Ghana’s improving macroeconomic outlook is beginning to restore confidence in the financial system, but bankers and industry leaders say the real test now lies in converting stability into jobs, productivity and sustained economic expansion.
That was the central message at a post-Monetary Policy Committee (MPC) seminar organised by the Chartered Institute of Bankers Ghana, where policymakers, financial institutions and private sector actors called for coordinated action to ensure recent gains translate into tangible outcomes for businesses and households.
Confidence returns, but constraints remain
A pre-MPC survey conducted by the Institute showed a notable rebound in sentiment across the banking sector, with about 72 percent of respondents expressing strong confidence in Ghana’s macroeconomic stability.
Additionally, 89 percent of banking executives expect lending appetite to improve in the near term, reflecting easing conditions and renewed optimism following recent policy adjustments.

Chief Executive Officer of CIB Ghana, Robert Dzato, said the findings suggest that monetary policy transmission is gaining traction.
“Stability is being reflected in lending activity, but there is still room for further easing to support the real sector,” he noted.
However, some segments, particularly savings and loans institutions continue to face high real interest rates and tight funding conditions, limiting broader credit expansion.
Policy shift toward growth
At the policy level, the Bank of Ghana is recalibrating its focus from stabilisation to inclusive growth.
In remarks delivered on behalf of Governor Johnson Pandit Asiama, the central bank highlighted recent macroeconomic improvements, including a sharp decline in inflation to 3.3 percent in February 2026, relative currency stability and strengthened reserves.
The recent policy rate cut to 14 percent—down from 15.5 percent—is expected to reduce borrowing costs and improve access to credit, particularly for small and medium-sized enterprises.
According to the Bank, the priority now is to ensure these gains translate into broader economic participation and long-term resilience.

Real sector demands targeted support
Despite improving conditions, industry players say structural challenges continue to limit the impact of monetary easing.
Technical Advisor to the Finance Minister, Theo Acheampong, stressed that stability alone is insufficient without deliberate efforts to boost productivity and reduce vulnerability to external shocks.

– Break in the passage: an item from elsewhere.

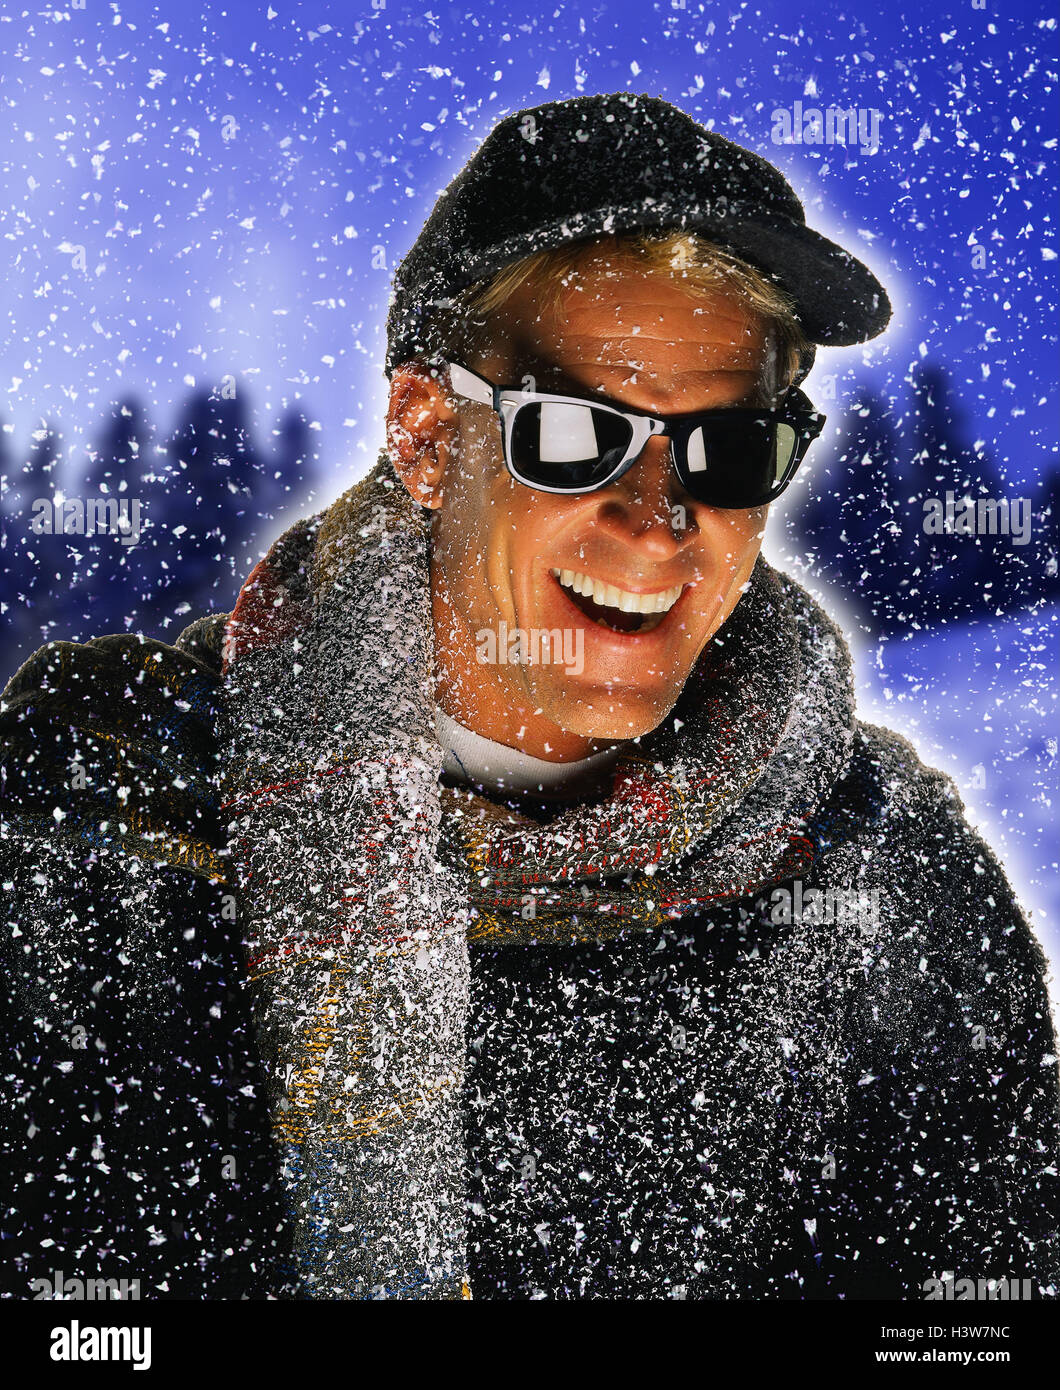 L'uomo, occhiali da sole, pullover, cappuccio, sciarpa, nevicata, ridere,  ritratto, uomini, composizione paesaggio invernale, inverno legno, inverno,  la neve, fiocchi di neve, freddo, felice, allegramente, studio, tagliate  Foto stock - Alamy

He called for stronger investment in agriculture and manufacturing to build resilience and reduce import dependence.
Similarly, the Association of Ghana Industries argued that commercial banks cannot shoulder the burden of long-term industrial financing alone.
Industry representatives are pushing for the establishment of a dedicated industrialisation fund to support large-scale production and export growth.
Credit conditions and market realities
From the banking perspective, institutions are becoming more cautious and selective in lending, with a stronger emphasis on risk management and client engagement.
Harriet Osei-Mensah Owusu of Standard Chartered Bank highlighted the importance of trust, ethical conduct and deeper customer relationships in sustaining loan performance.
Meanwhile, traders are grappling with a different reality.
President of the Ghana Union of Traders’ Associations, Clement Boateng, cautioned that declining inflation does not immediately translate into lower prices, but rather a slower pace of increases.
He also flagged concerns over a new AI-driven system at ports used to calculate duties, calling for broader stakeholder engagement to address operational challenges.
Stability is not the endpoint
Participants at the seminar reached a clear consensus: macroeconomic stability is only a foundation.
To translate gains into inclusive growth, Ghana will need:
- Stronger policy coordination between fiscal and monetary authorities
- Targeted financing mechanisms for industry
- Structural reforms to boost productivity
- Private sector-led job creation
For the financial sector, the message is equally clear restored stability offers an opportunity, but without deliberate action, the benefits may not fully reach the real economy.
As Ghana navigates a fragile global environment, the ability to convert stability into growth will define the next phase of its economic recovery.